Лондонские Шрёдеры прислали огромное количество консервов — мясо из Чикаго, персики из Калифорнии, сыр и языки из Англии, вдобавок двести сорок бутылок эля — его никто не пьет, и расправляться с ним приходится одному Шлиману. Вино доставляют из близлежащих деревень, картофель и шпинат везут через Кале-Султание нз Италии. «Летом крестьяне приносят бобы, фасоль и артишоки — единственные овощи, которые произрастают в Троаде. Даже горох приходится заказывать и доставлять из-за моря.

Бараки «Шлиманополиса» в наилучшем порядке — всю зиму их охранял сторож. Осмотр инструмента тоже доставляет удовлетворение.

На рассвете 1 марта 1882 года у бараков стоят сто пятьдесят человек. Они получают инструмент и ждут распоряжений. Шлиман внимательно их разглядывает, прикидывает, сколько среди них греков и сколько турок, — это ведь важно из-за праздников! — сердечно приветствует своих старых знакомых, осведомляясь о женах и детях, и расспрашивает новичков, откуда они явились.

Шлиман идет с рабочими на холм. Вырытые в 1879 году канавы для отвода дождевой воды хорошо сохранились, и ничто не разрушено ни ливневыми потоками, ни людской глупостью.

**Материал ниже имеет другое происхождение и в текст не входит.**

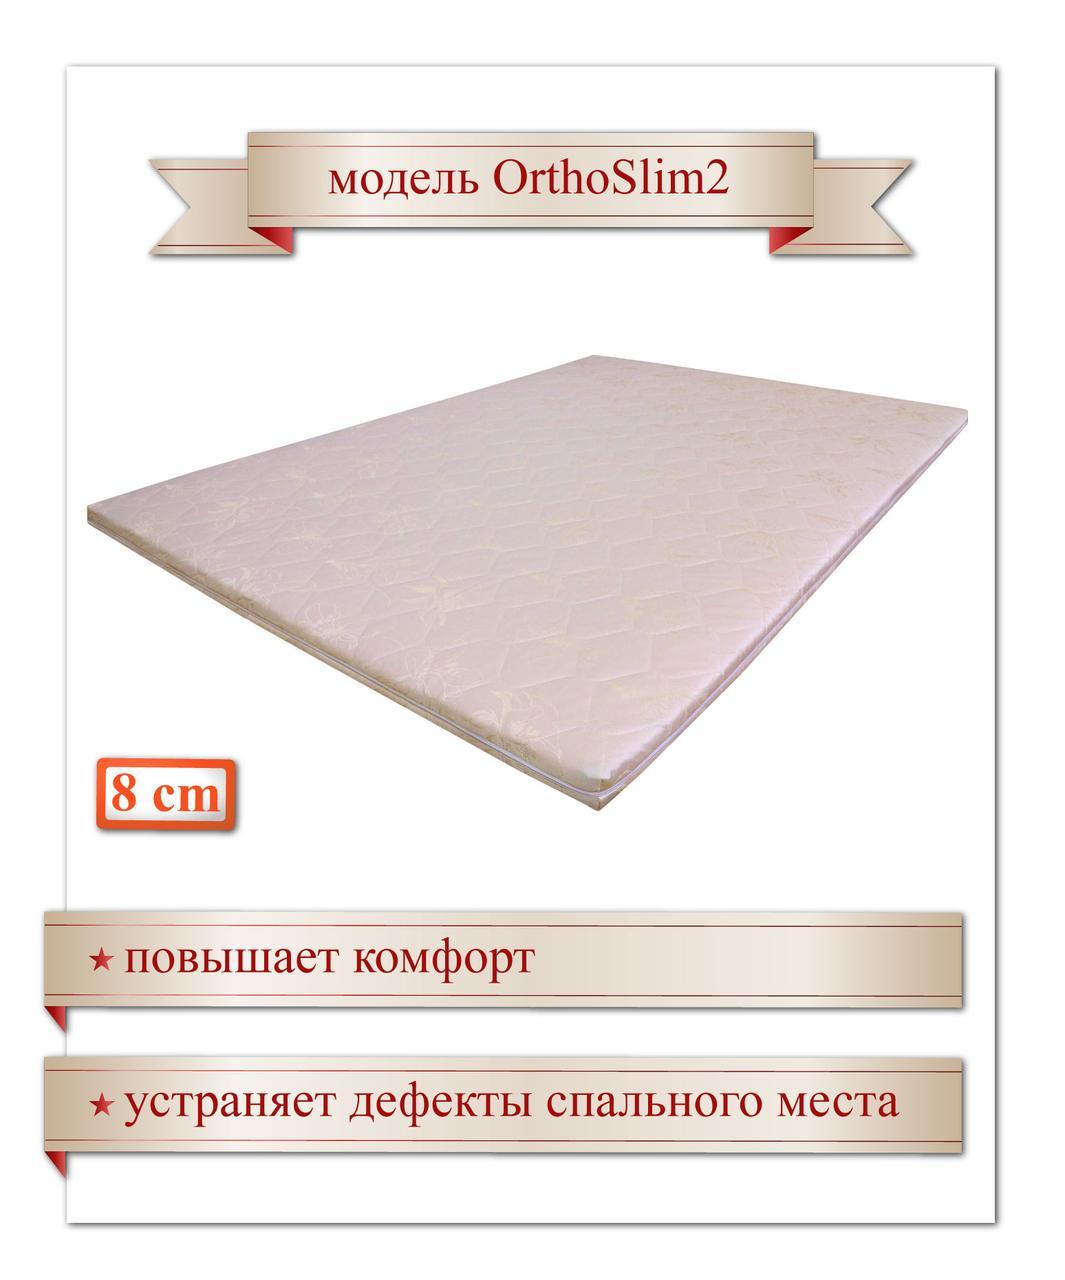 OrthoSlim2, 190х140х8 см, Тонкий ортопедический матрас (наматрасник, футон, топер)
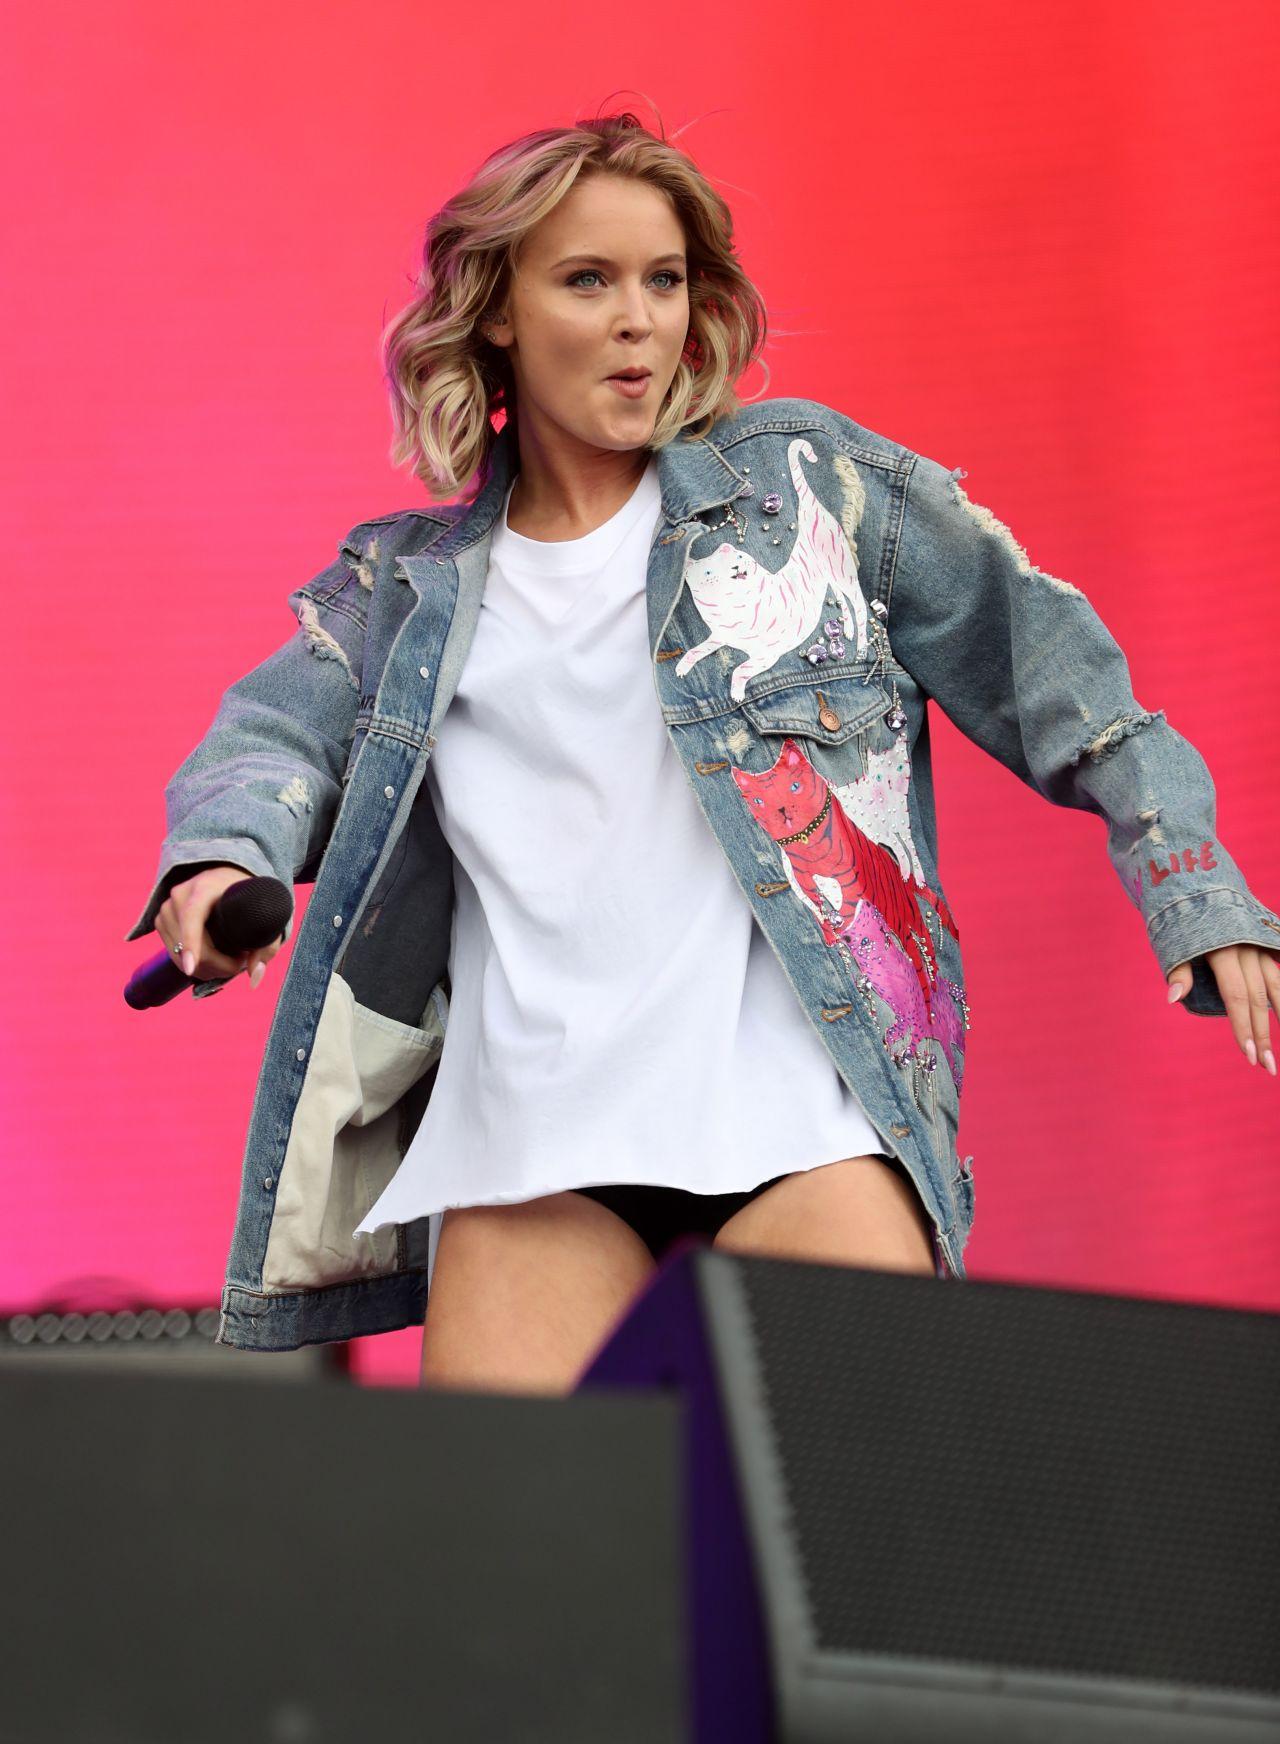 Zara Larsson Performs Live At Bbc Big Weekend In Burton

— Н-да, — говорит Шлиман и смотрит на обоих своих архитекторов. Хотя в Орхомене он уже и работал с такого рода специалистами, но все же здесь они — явление совершенно новое. И, откровенно говоря, он испытывает некоторую робость, ожидая, что скажут эти специалисты о результатах его многолетних трудов. — Н-да, господа, я думаю, мы начнем вот у этой стены сгоревшего города и пойдем за ней следом. Может быть, она действительно идет дальше и тем самым увеличивает территории третьего слоя.

Но Дёрпфельд отрицательно качает головой.

— Это, на мой взгляд, господин Шлиман, имеет мало смысла. Мы должны начать сверху и снимать камень за камнем, пласт за пластом. Только так, да и то не наверняка, мы сможем отличить одни слой от другого. При этом мы тогда сможем сразу собрать и, возможно, снова составить вместе все, что осталось от греческого и римского поселений.

— Но ведь это, господин Дёрпфельд, совершенно не входит в нашу задачу!

— Я сожалею, что мне в первый же день приходится вам возражать. Для археолога важна каждая мелочь, а особенно здесь, в Трое, где все так беспорядочно перемешано. Вчера, к сожалению, я успел произвести только очень беглый осмотр, но все же у меня сложилось впечатление, что жители некоторых позднейших поселений, выравнивая поверхность холма для своих построек, сносили сюда строительные остатки из более глубоких слоев или со склонов. Взгляните-ка, вот совершенно неолитическое пряслице, вот черепок микенского типа, вот ручка аттического лекифа, вот донышко римской чаши. И все это я собрал на поверхности, там, где вы еще не производили раскопок!

Шлиман рассеянно кивает. Ему кажется, будто этот молодой человек легко и осторожно заберет у него инициативу из рук. Но ведь Дёрпфельд прав — как это он сам до этого не додумался! Правда, если бы он руководствовался такими принципами, то и сегодня, спустя десять лет, он едва ли бы добрался до лидийского поселения. Шлиман соглашается с Дёрпфельдом вяло, без всякого подъема.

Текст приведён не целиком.